- **SUPPLIED DATA**:
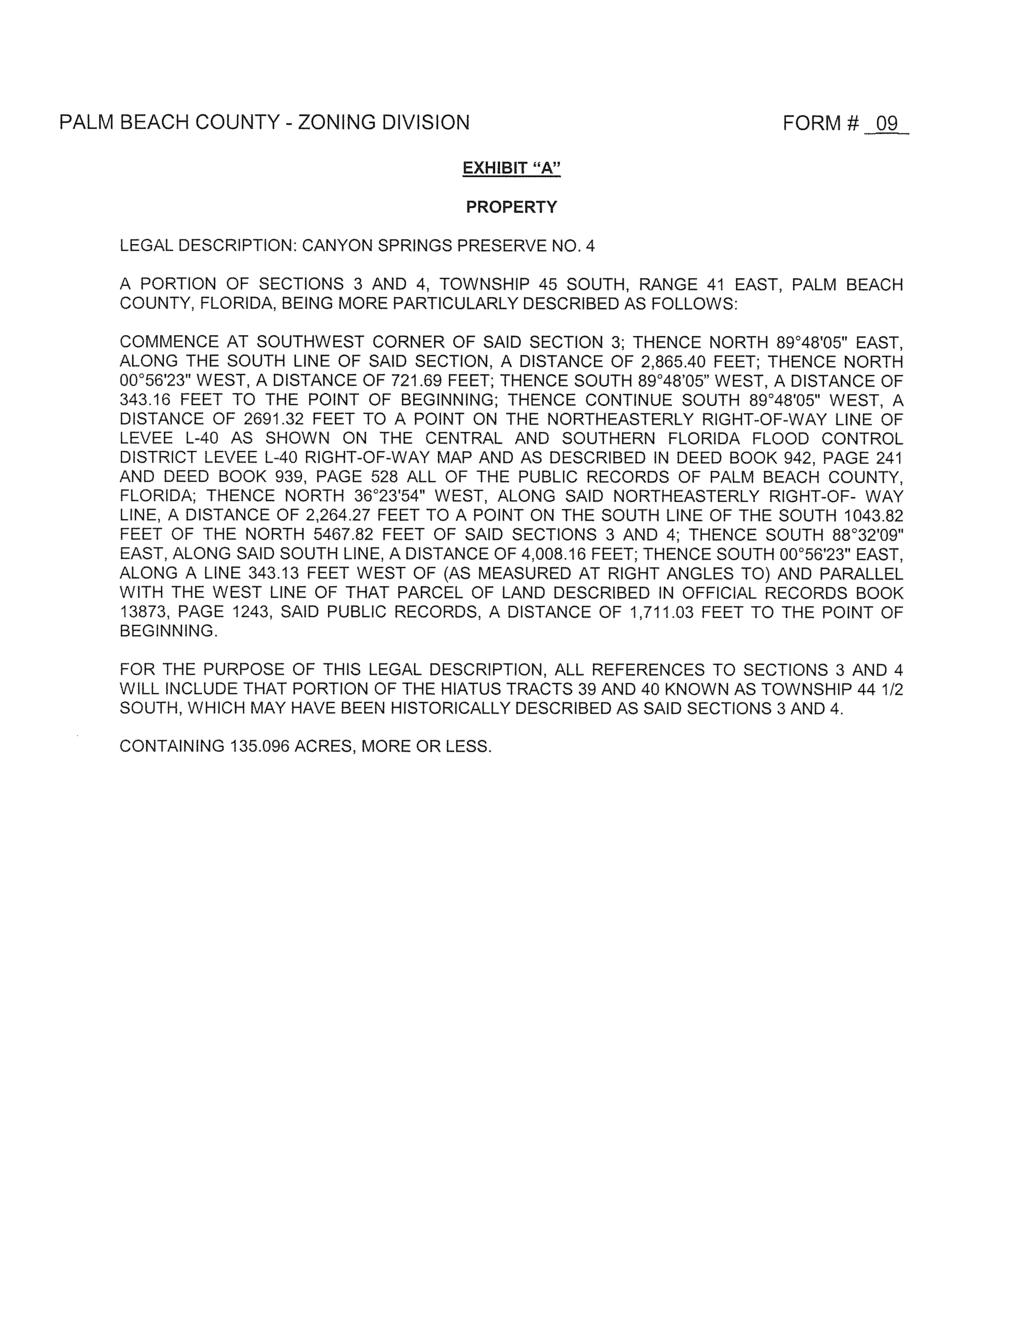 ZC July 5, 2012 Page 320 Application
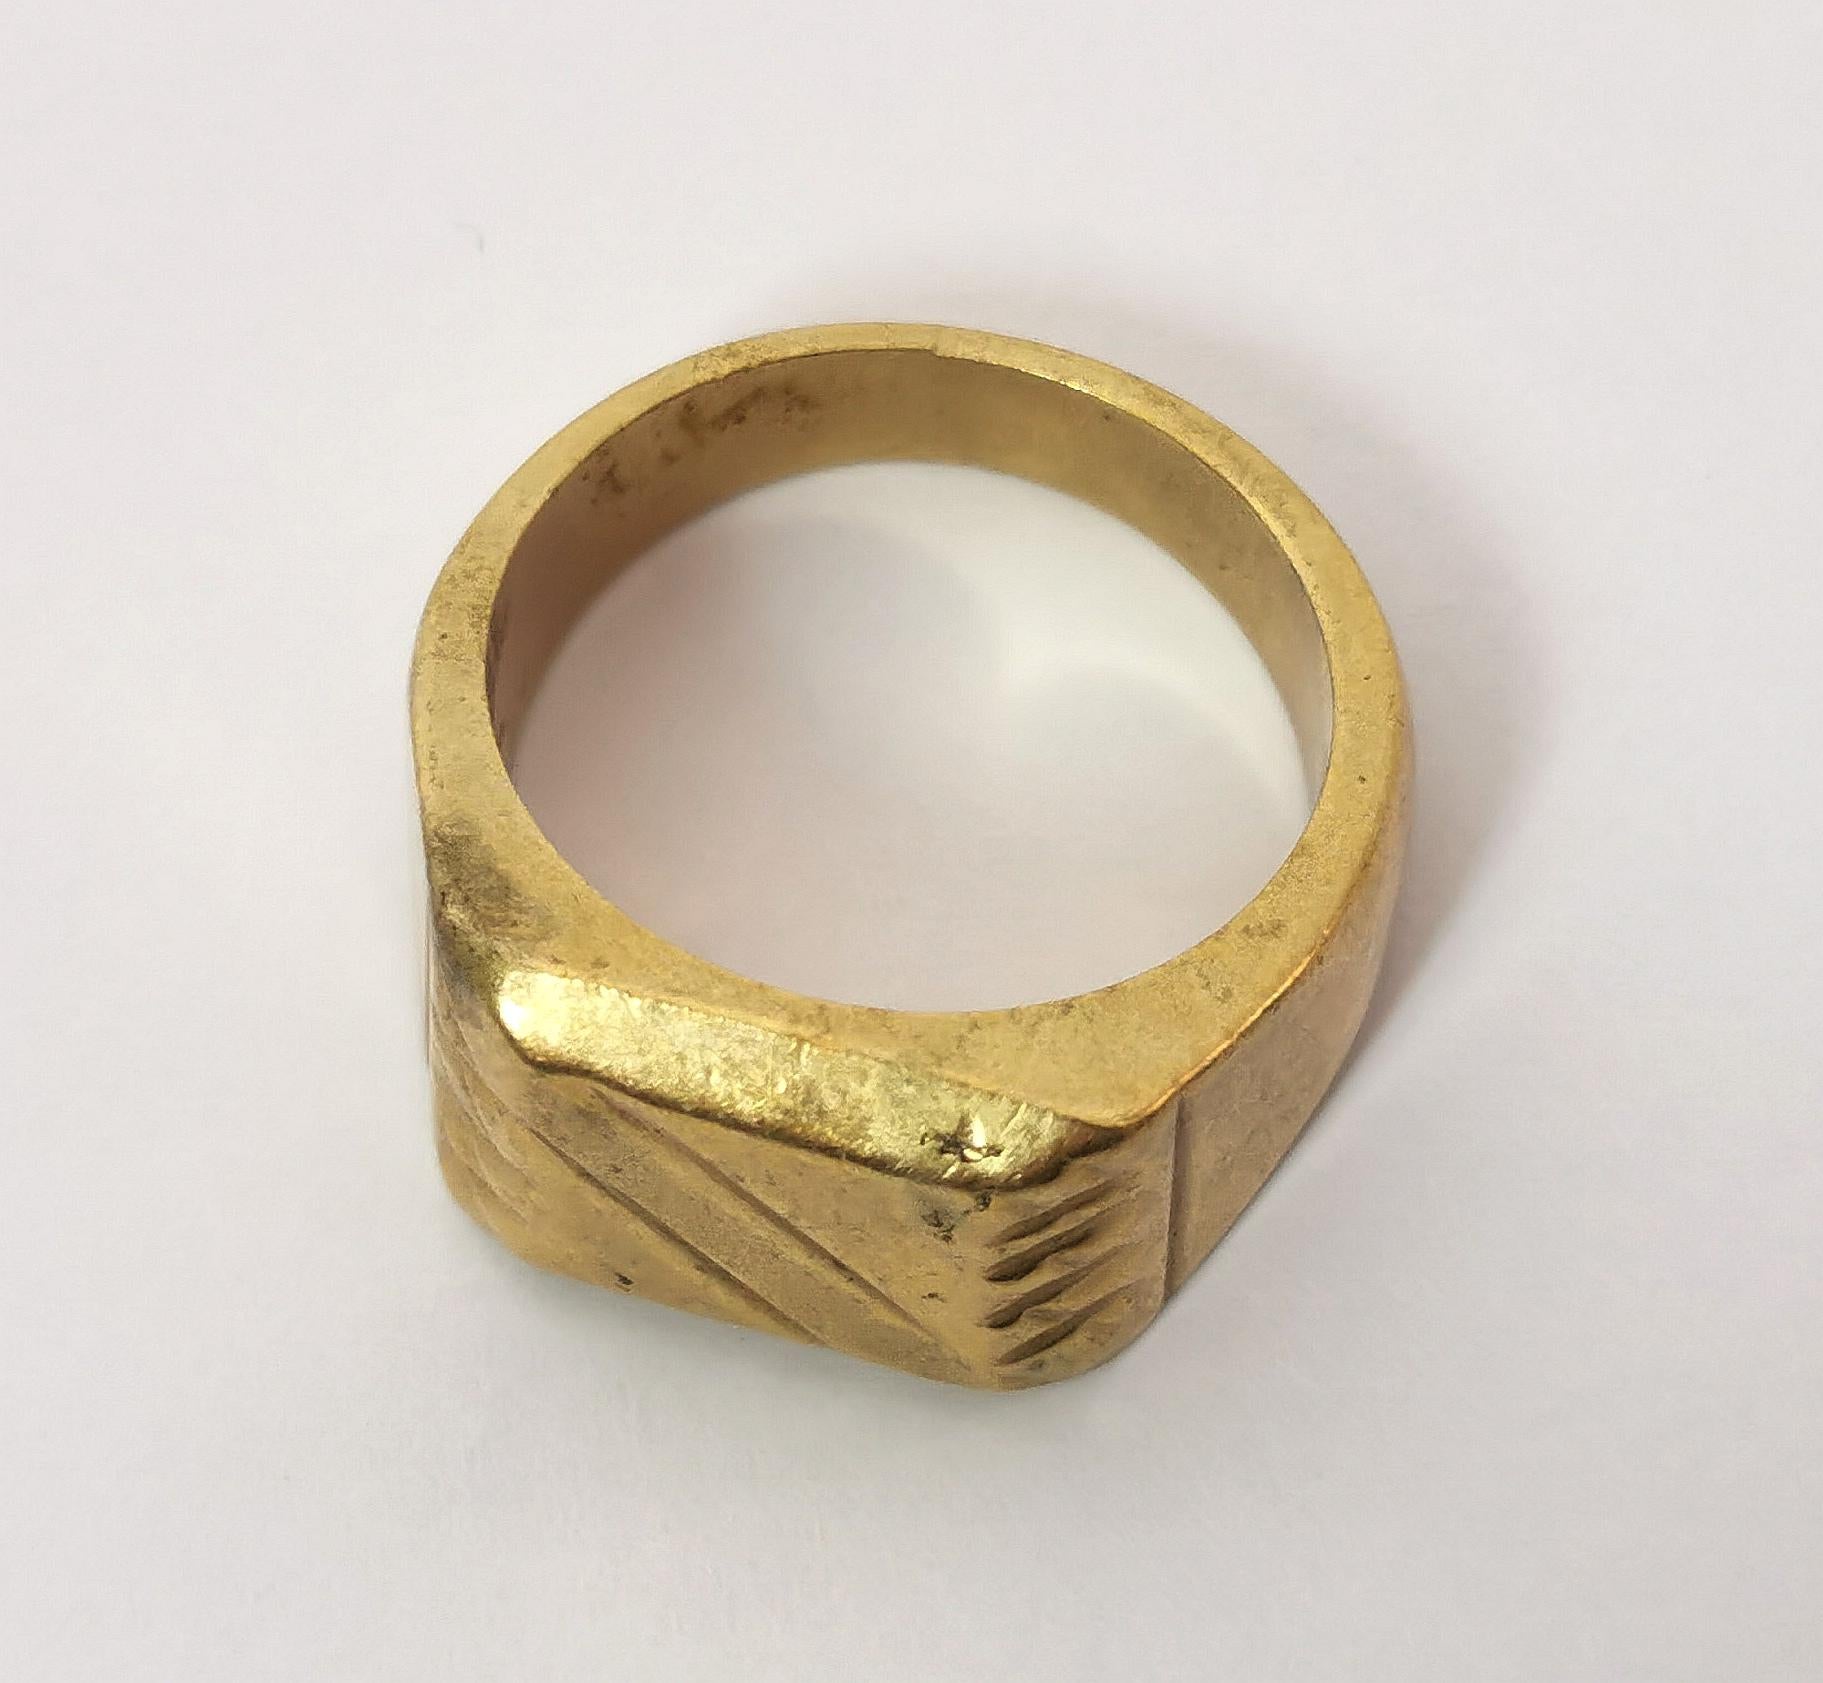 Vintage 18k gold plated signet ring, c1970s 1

* * *

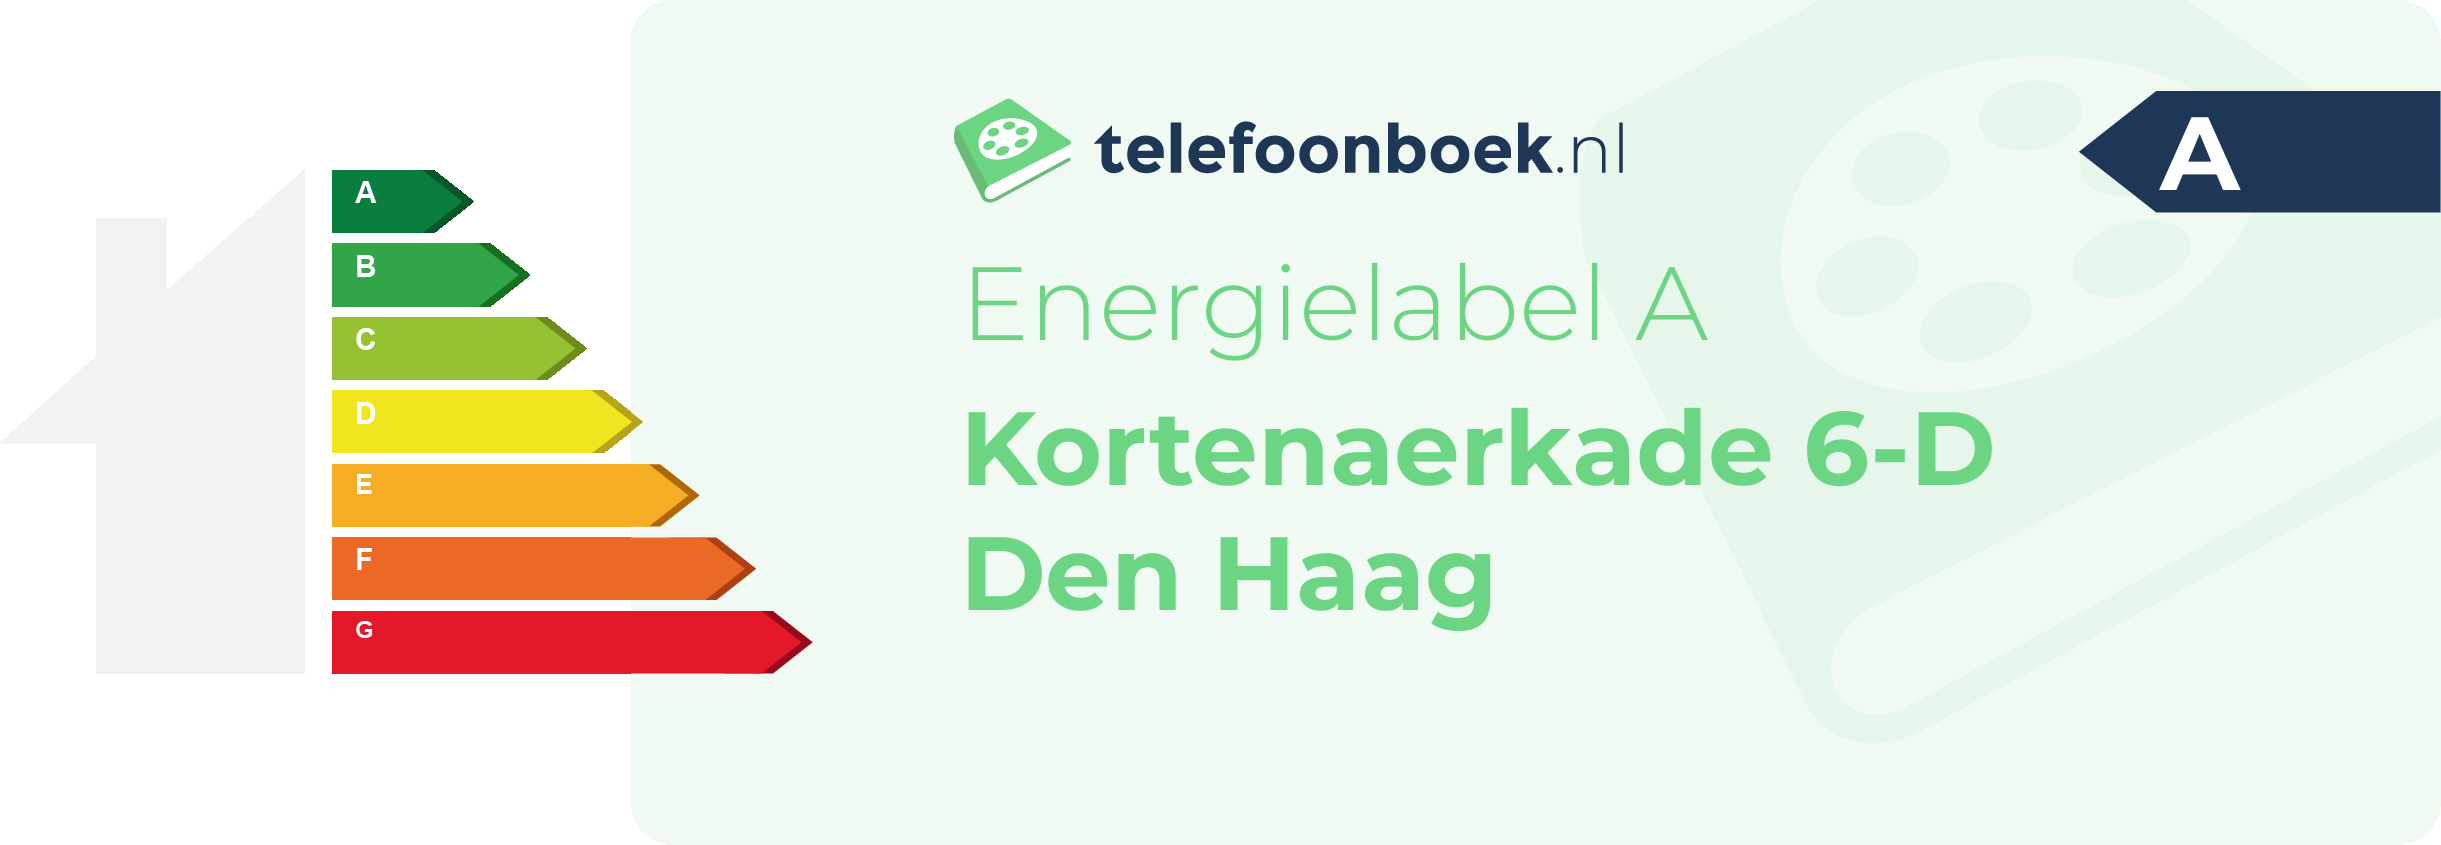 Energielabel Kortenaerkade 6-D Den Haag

- **ACTIVITY**:
Reproduce the lines above beginning at the line that contains "ZC July 5, 2012 Page 320 Application" and ending at the line that contains "Vintage 18k gold". No pictures.

- **SOLUTION FOR THIS TASK**:
 ZC July 5, 2012 Page 320 Application
 Vintage 18k gold plated signet ring, c1970s 1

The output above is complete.